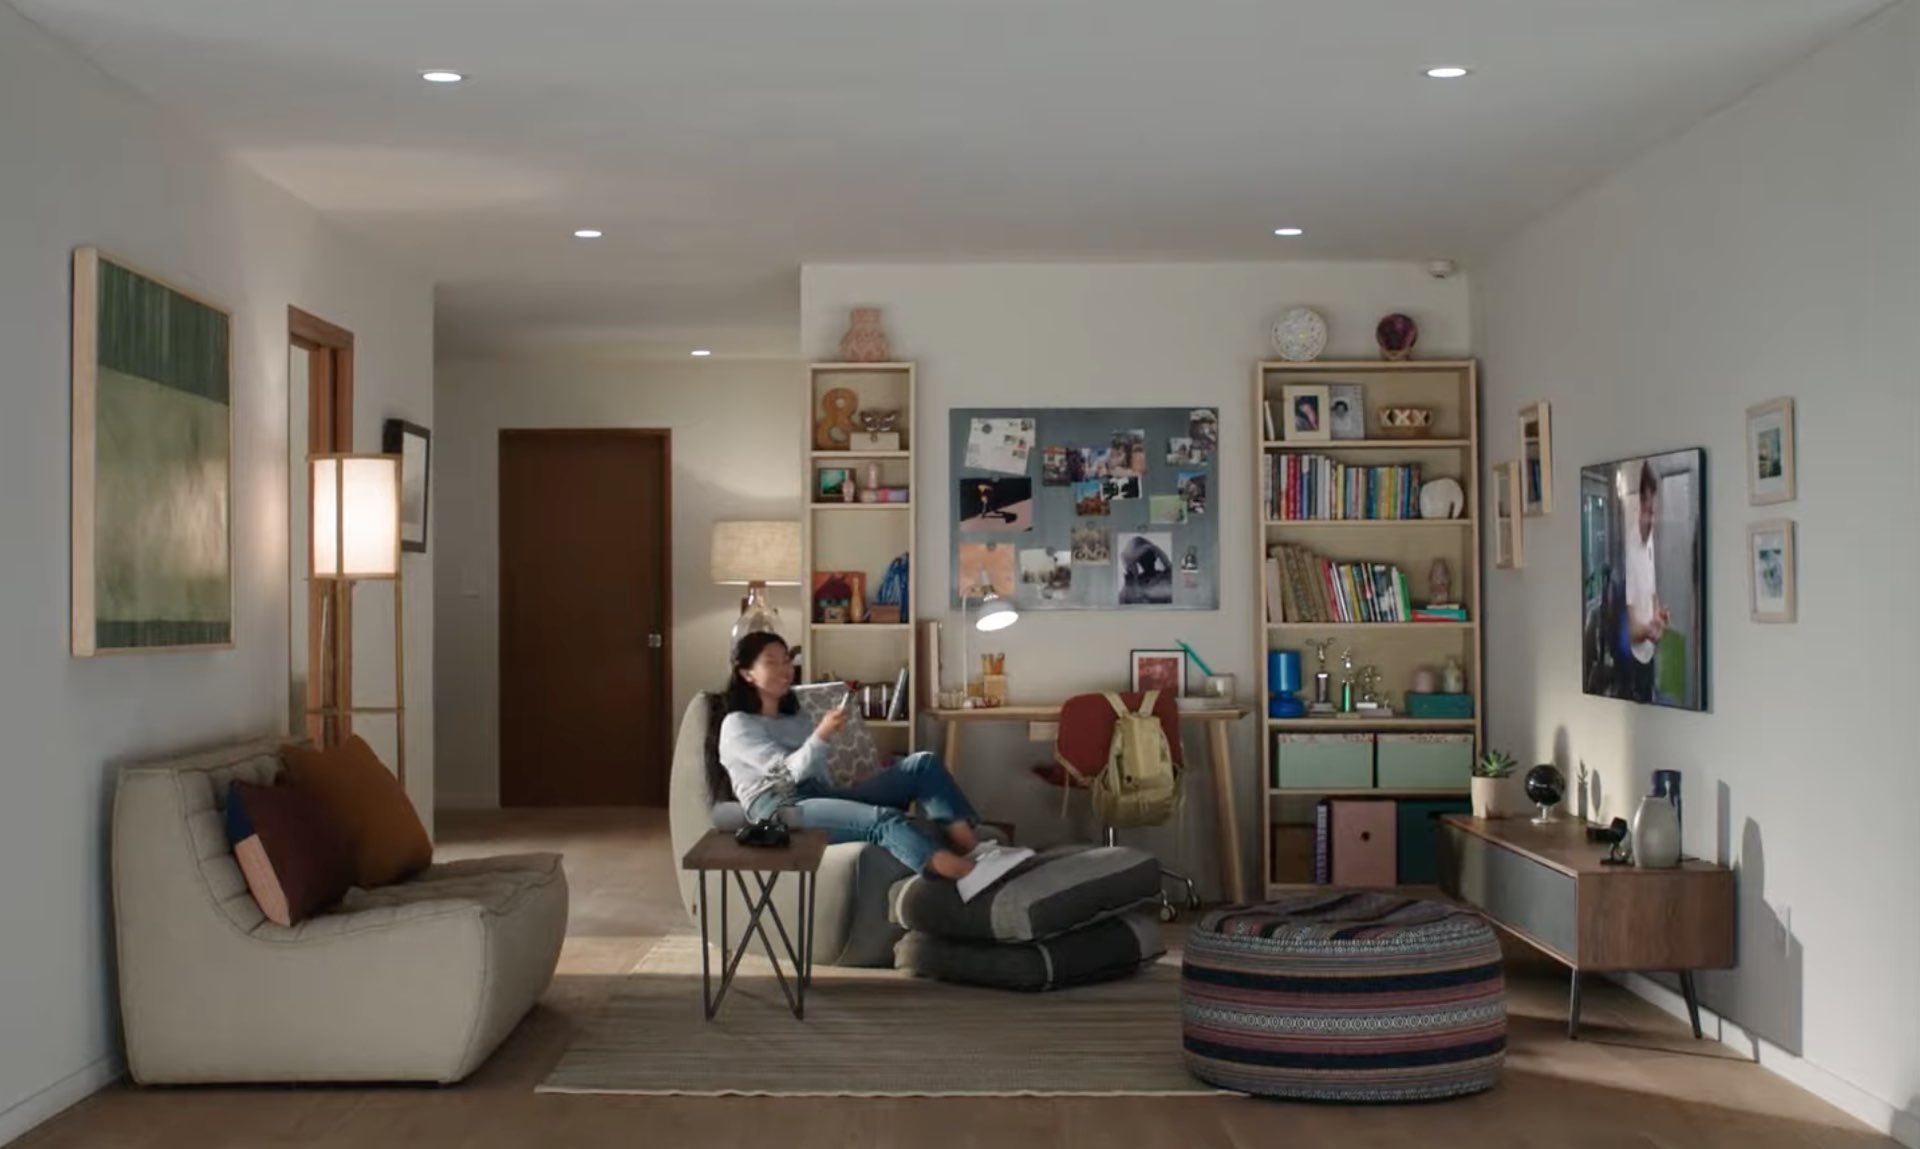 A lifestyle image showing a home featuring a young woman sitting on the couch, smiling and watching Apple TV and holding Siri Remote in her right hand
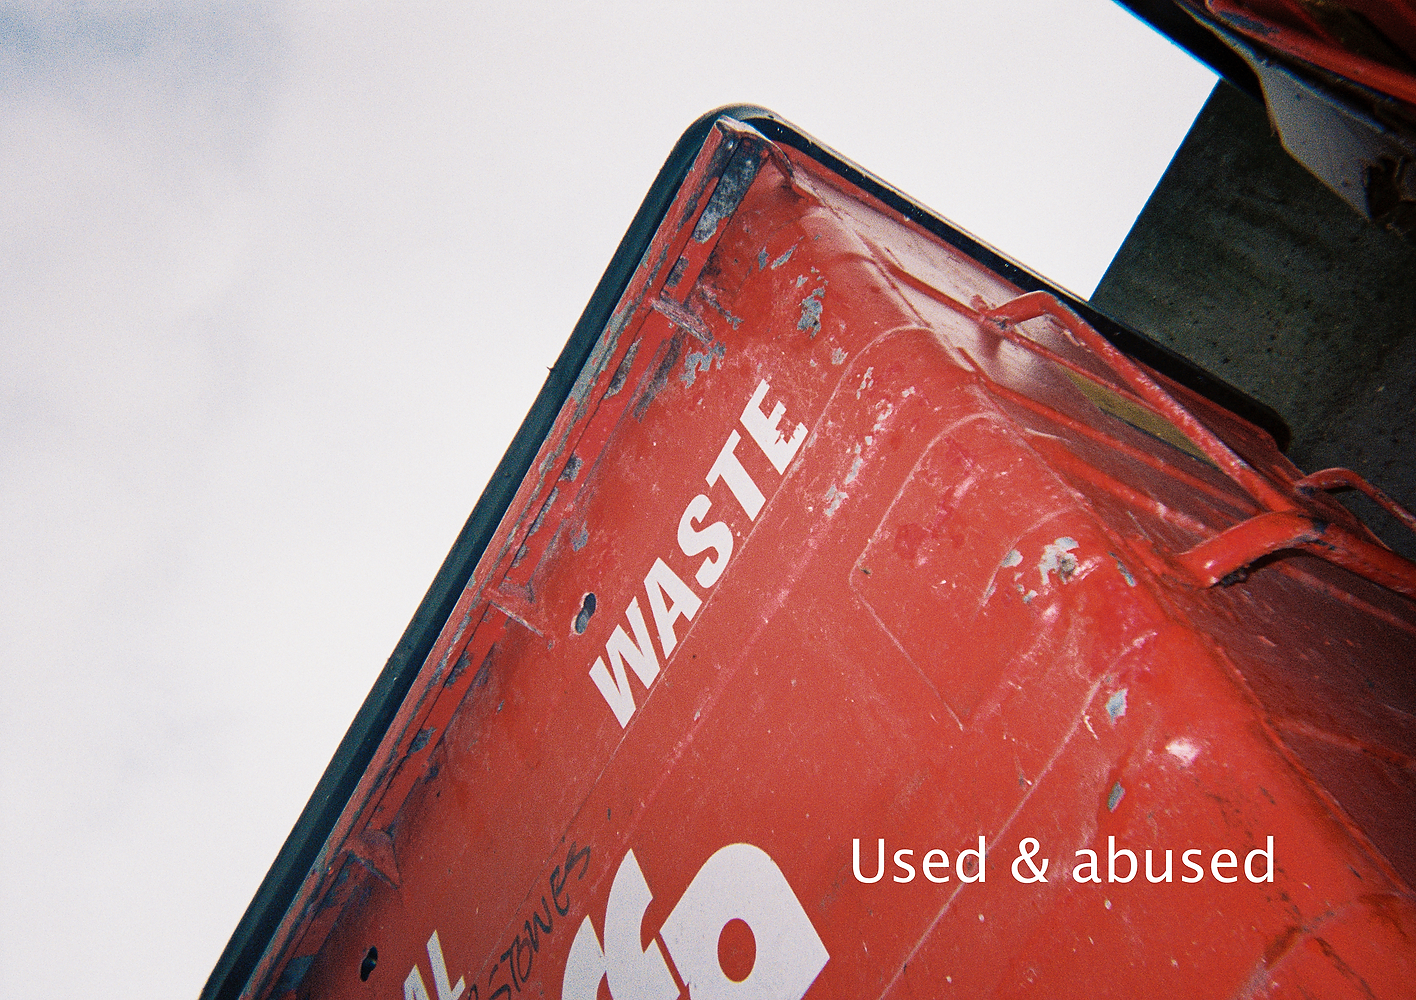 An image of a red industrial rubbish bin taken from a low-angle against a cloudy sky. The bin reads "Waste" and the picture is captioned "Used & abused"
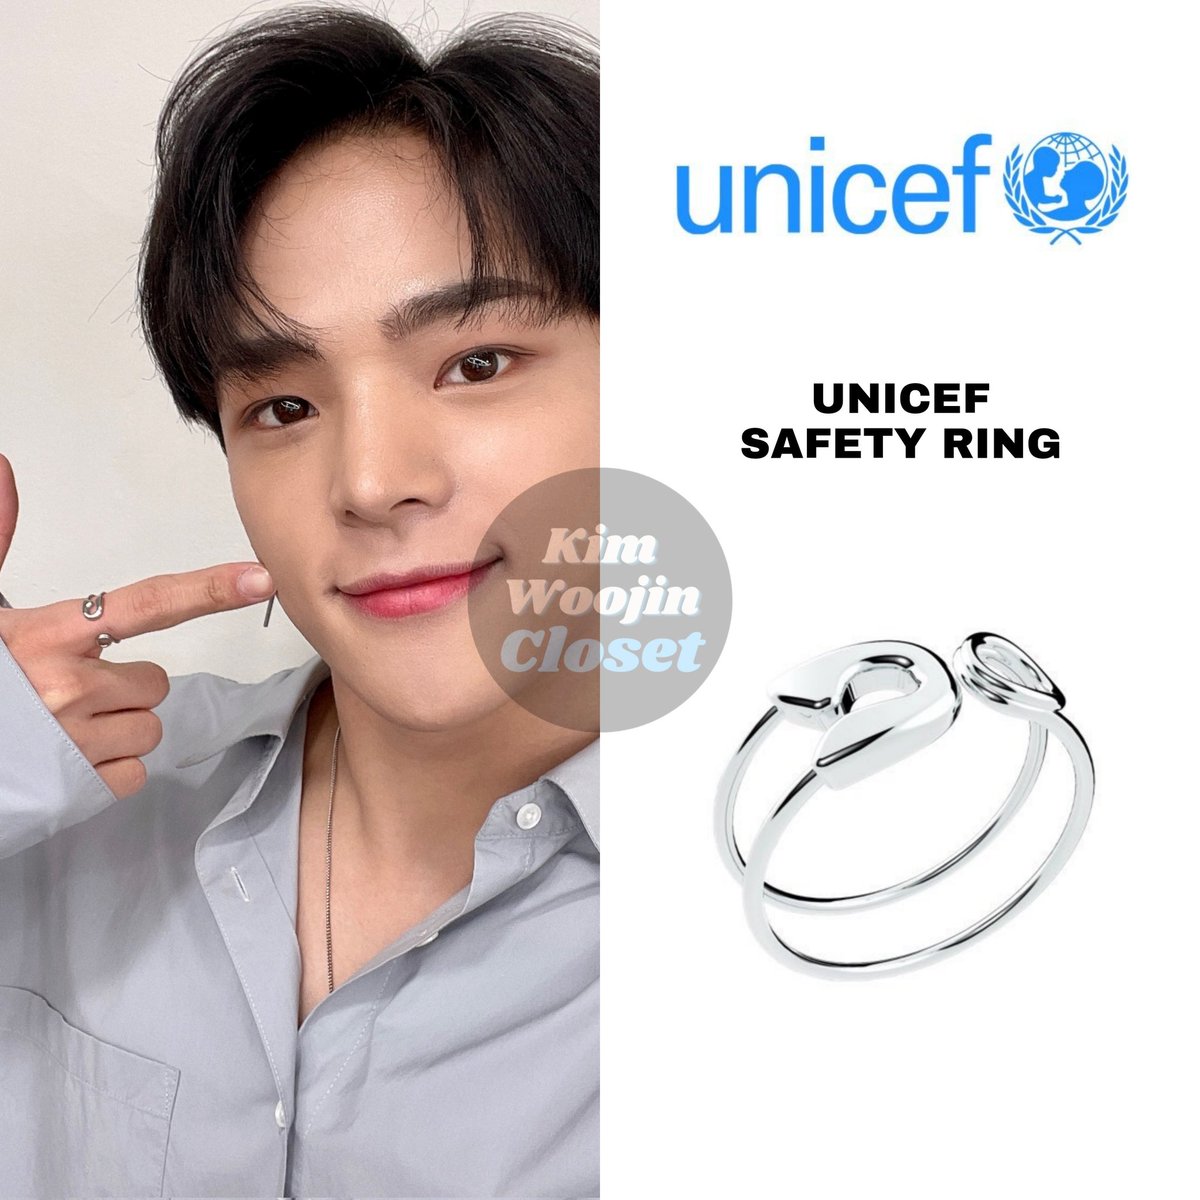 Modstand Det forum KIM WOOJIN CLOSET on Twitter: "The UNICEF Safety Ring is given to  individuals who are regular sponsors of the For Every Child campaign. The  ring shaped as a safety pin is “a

Activity: Repeat the listing above from its first line through the line that contains "An image of", both included, and nothing more. Drop the pictures.

Your response:
 A lifestyle image showing a home featuring a young woman sitting on the couch, smiling and watching Apple TV and holding Siri Remote in her right hand
 An image of a red industrial rubbish bin taken from a low-angle against a cloudy sky. The bin reads "Waste" and the picture is captioned "Used & abused"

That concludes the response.